EXERCISE DATA:
• • • •

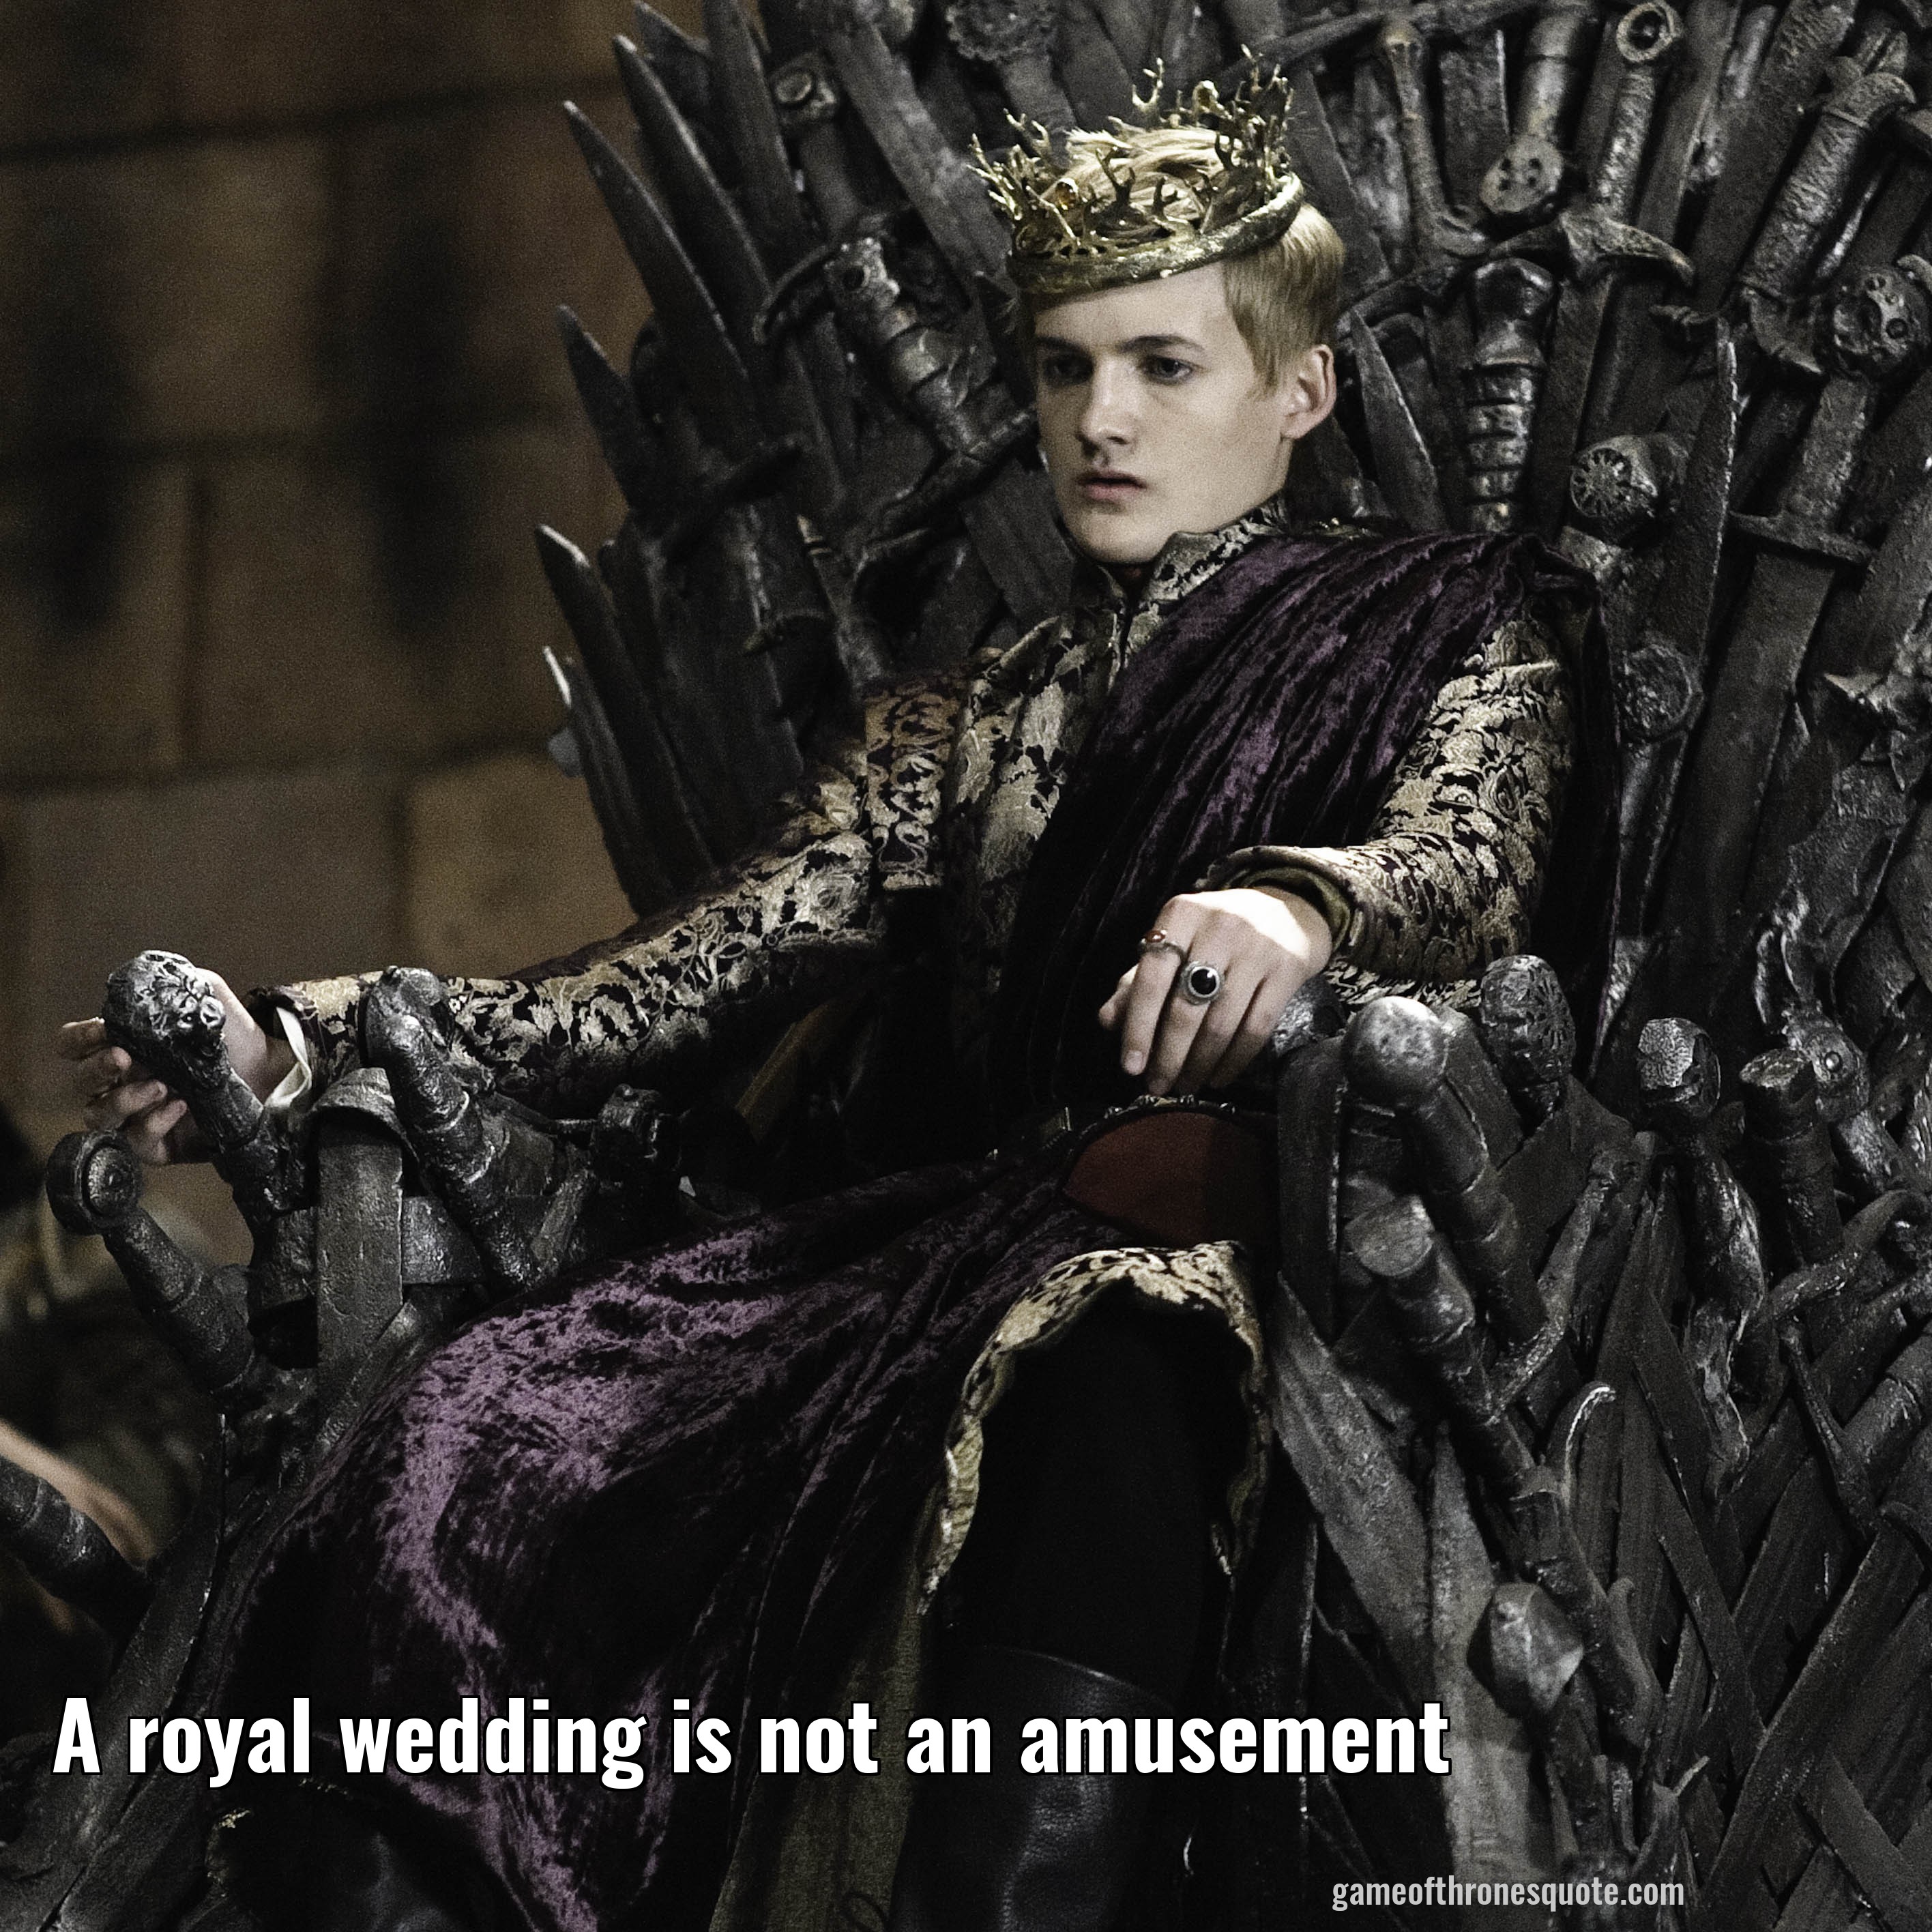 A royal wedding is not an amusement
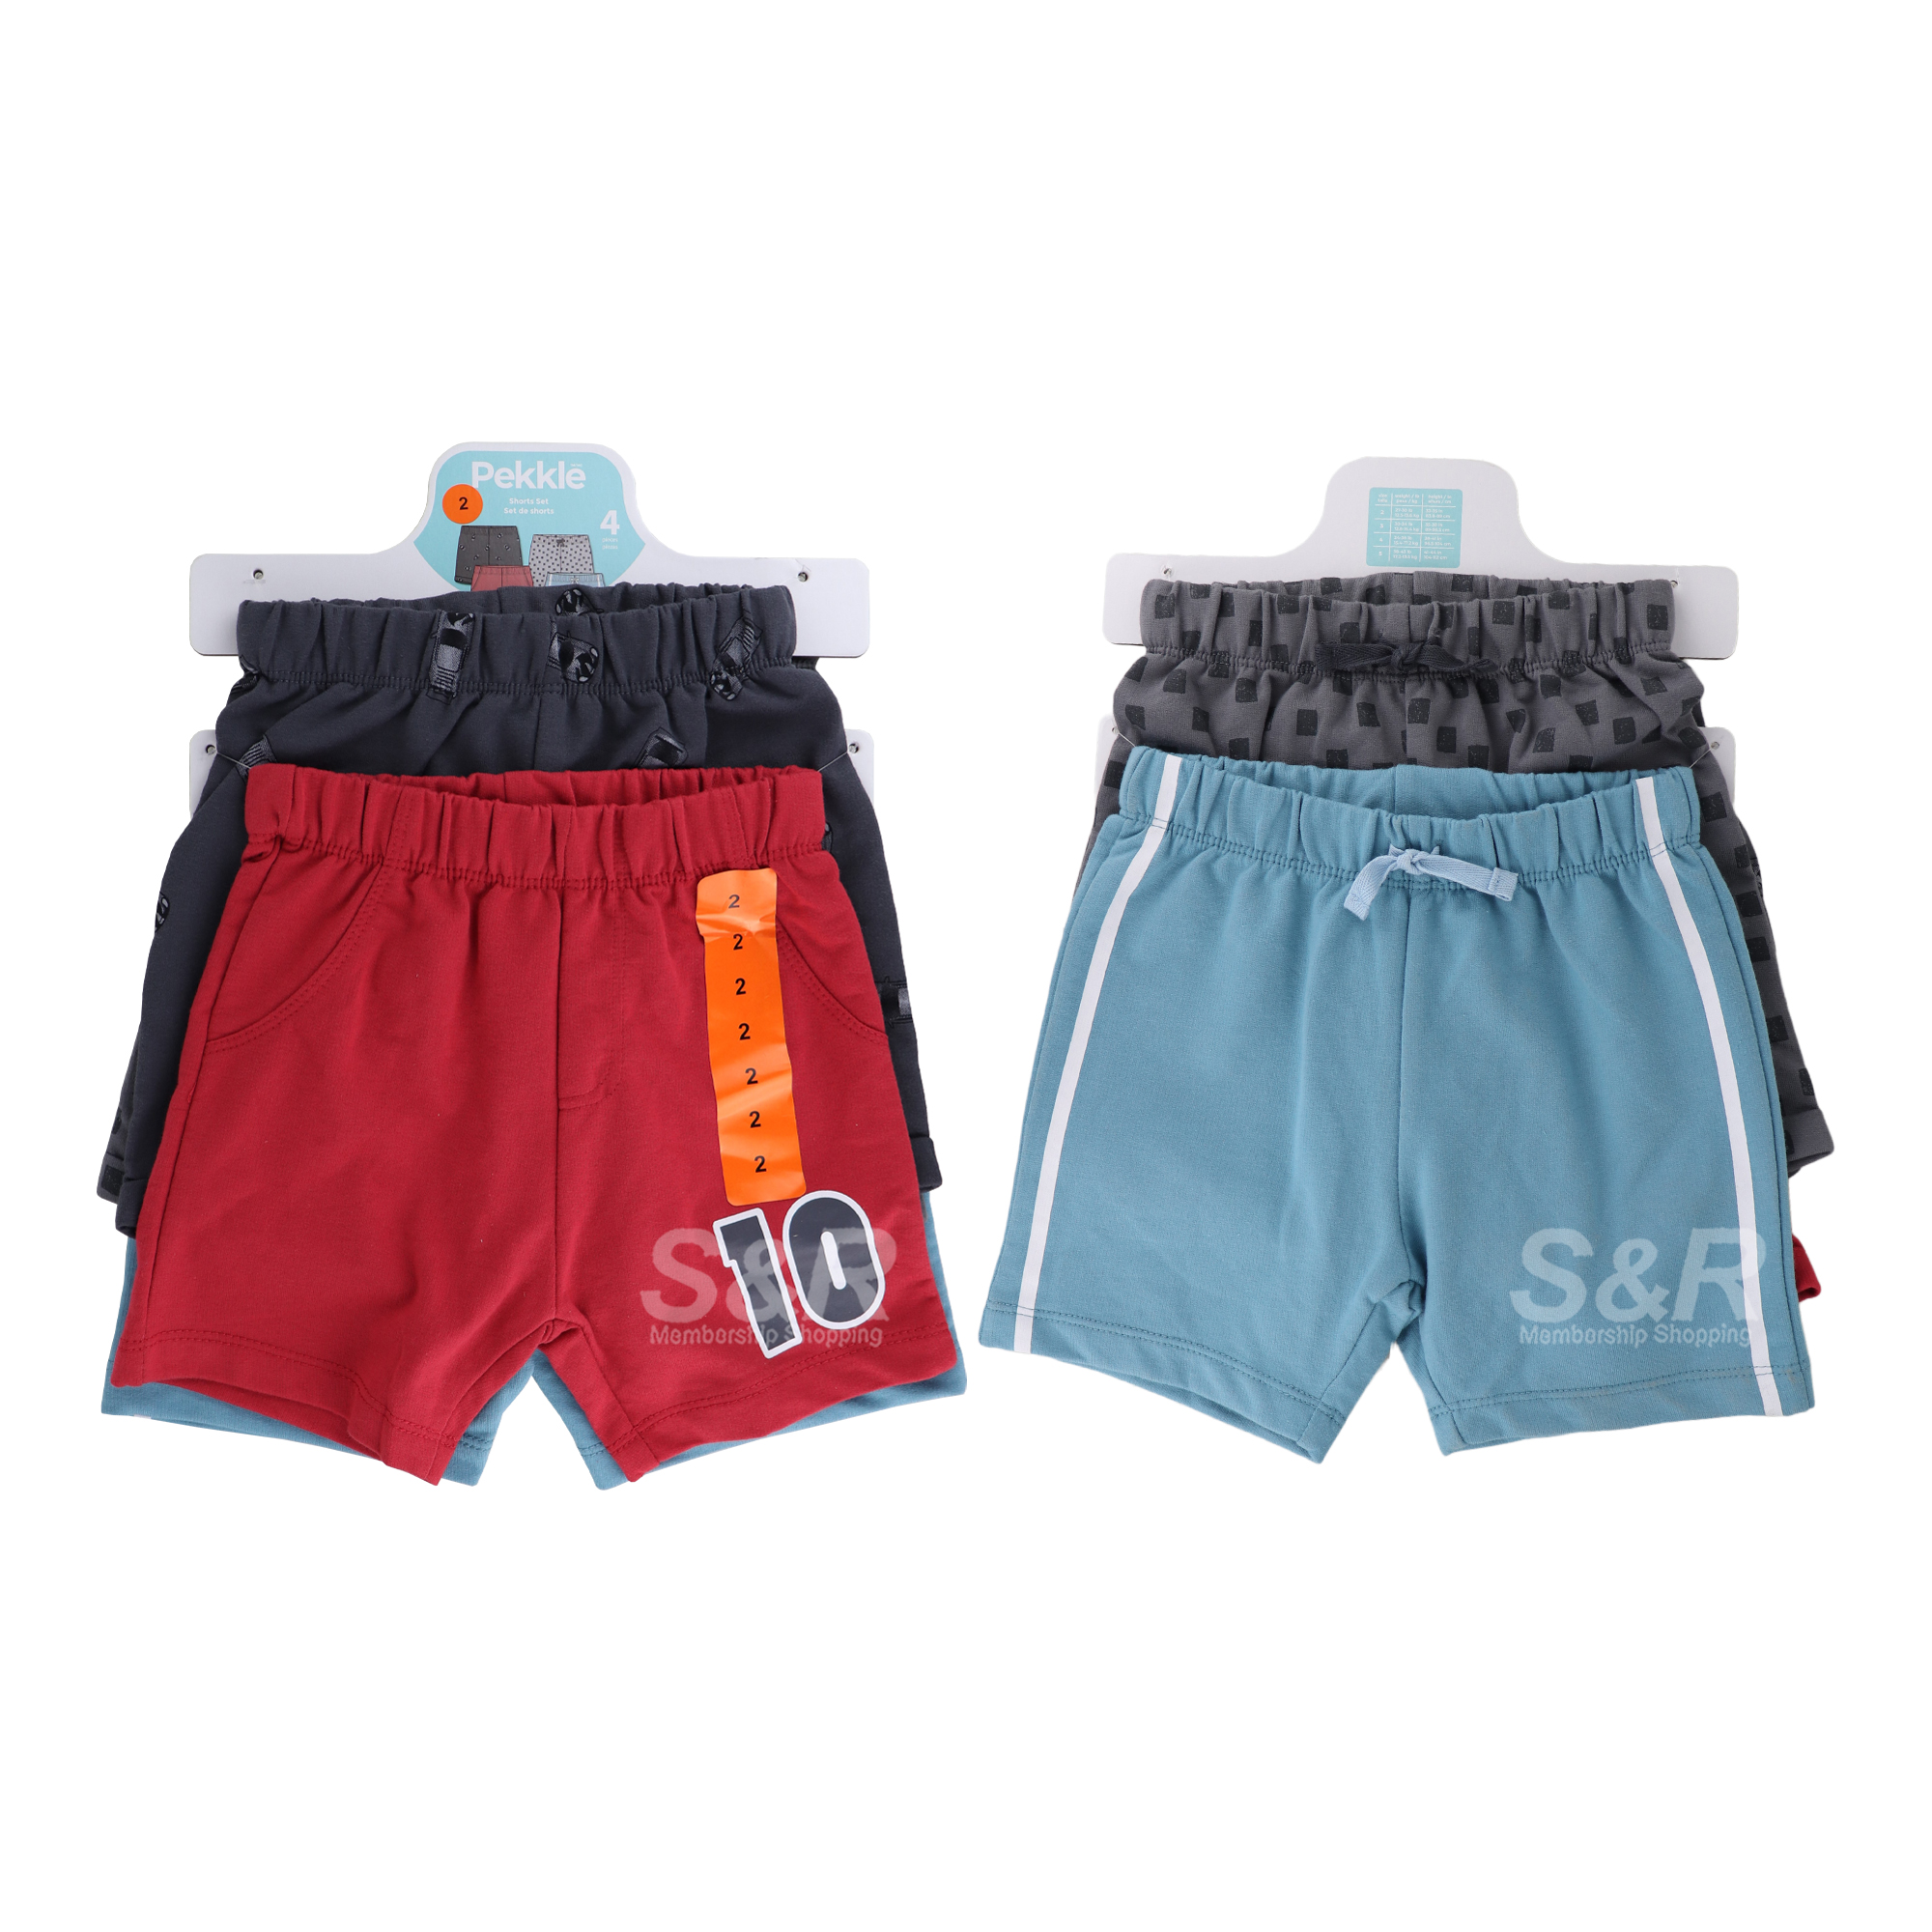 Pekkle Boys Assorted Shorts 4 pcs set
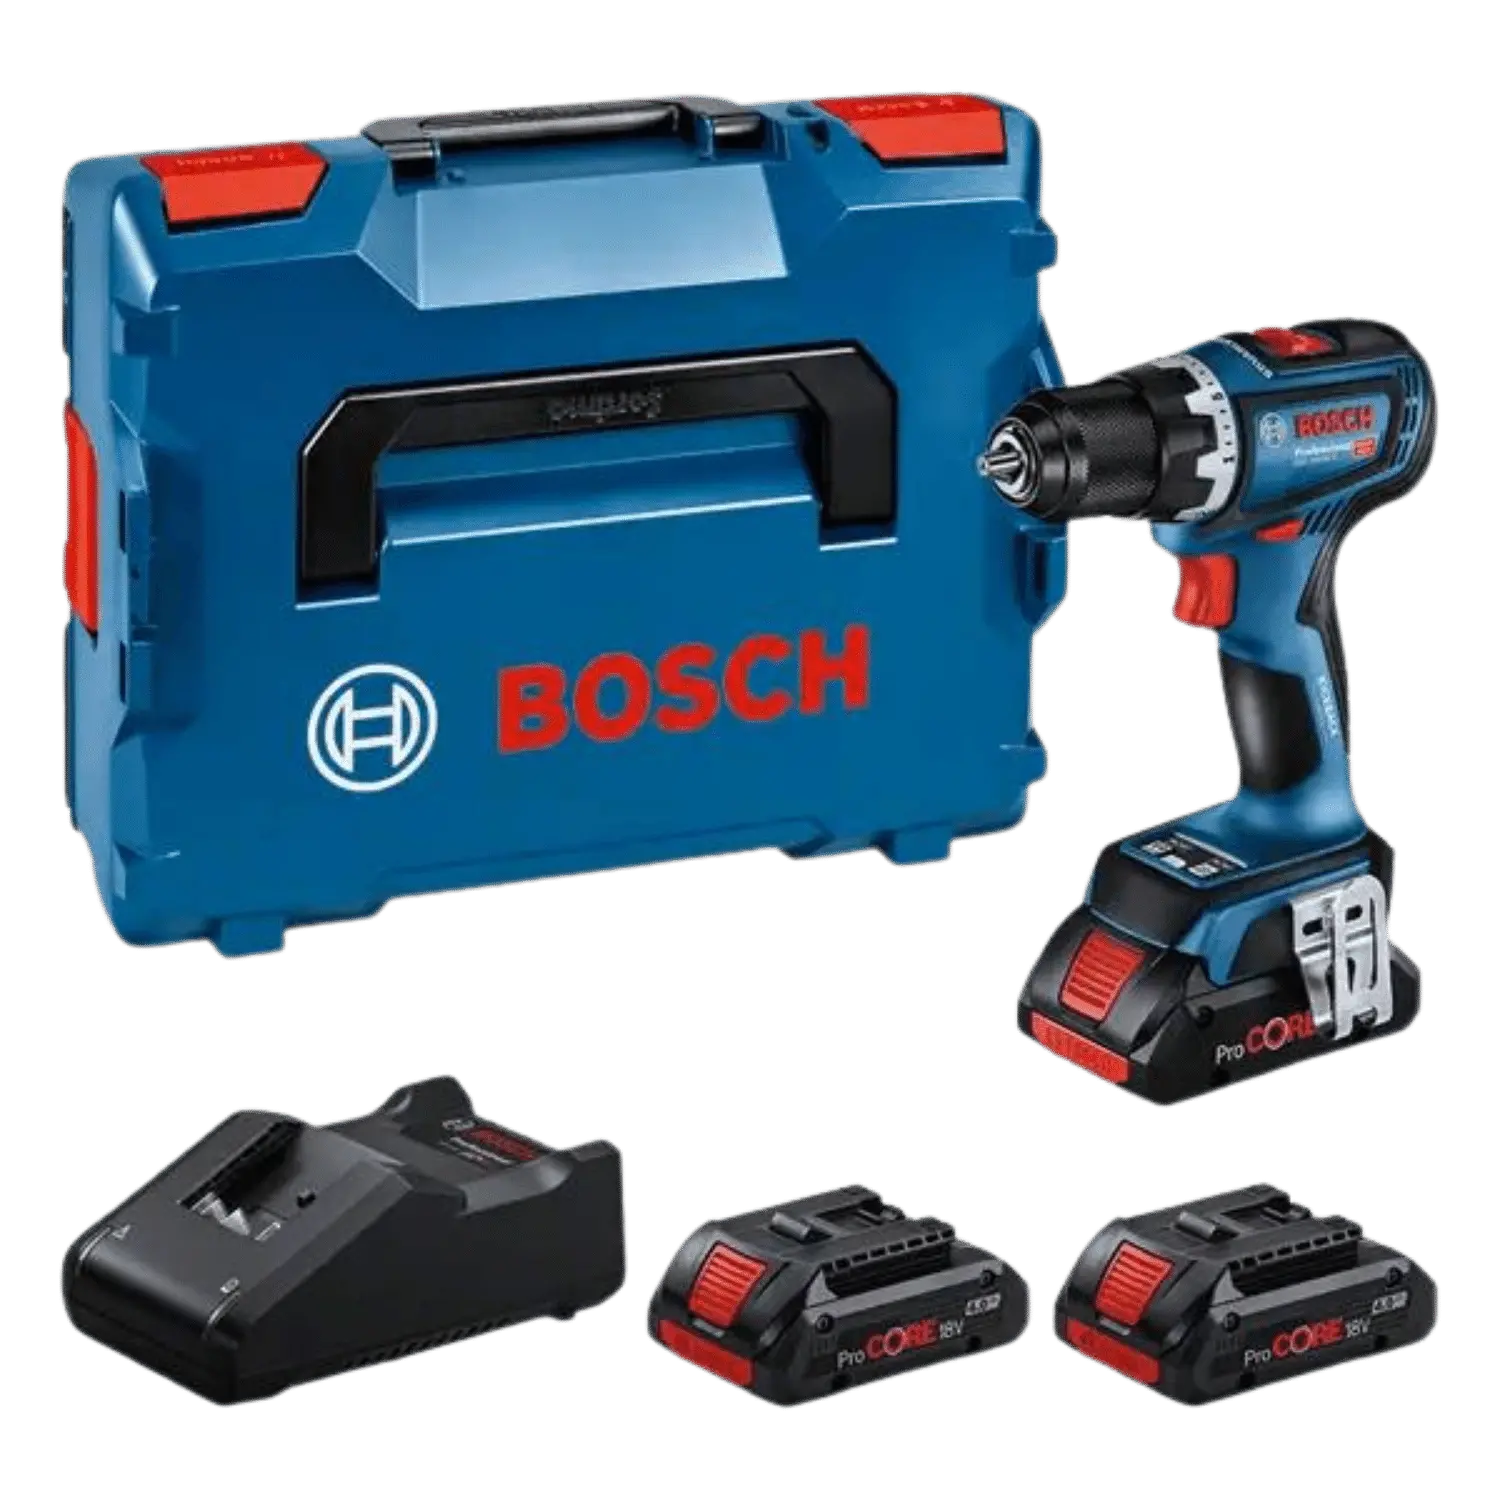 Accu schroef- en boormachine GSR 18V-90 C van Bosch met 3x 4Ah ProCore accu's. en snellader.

• • • •

WHAT YOU HAVE TO DO: Recopy the full listing exactly, passing over any picture.

RESPONSE BELOW:
 A royal wedding is not an amusement
 Pekkle Boys Assorted Shorts 4 pcs set
 Accu schroef- en boormachine GSR 18V-90 C van Bosch met 3x 4Ah ProCore accu's. en snellader.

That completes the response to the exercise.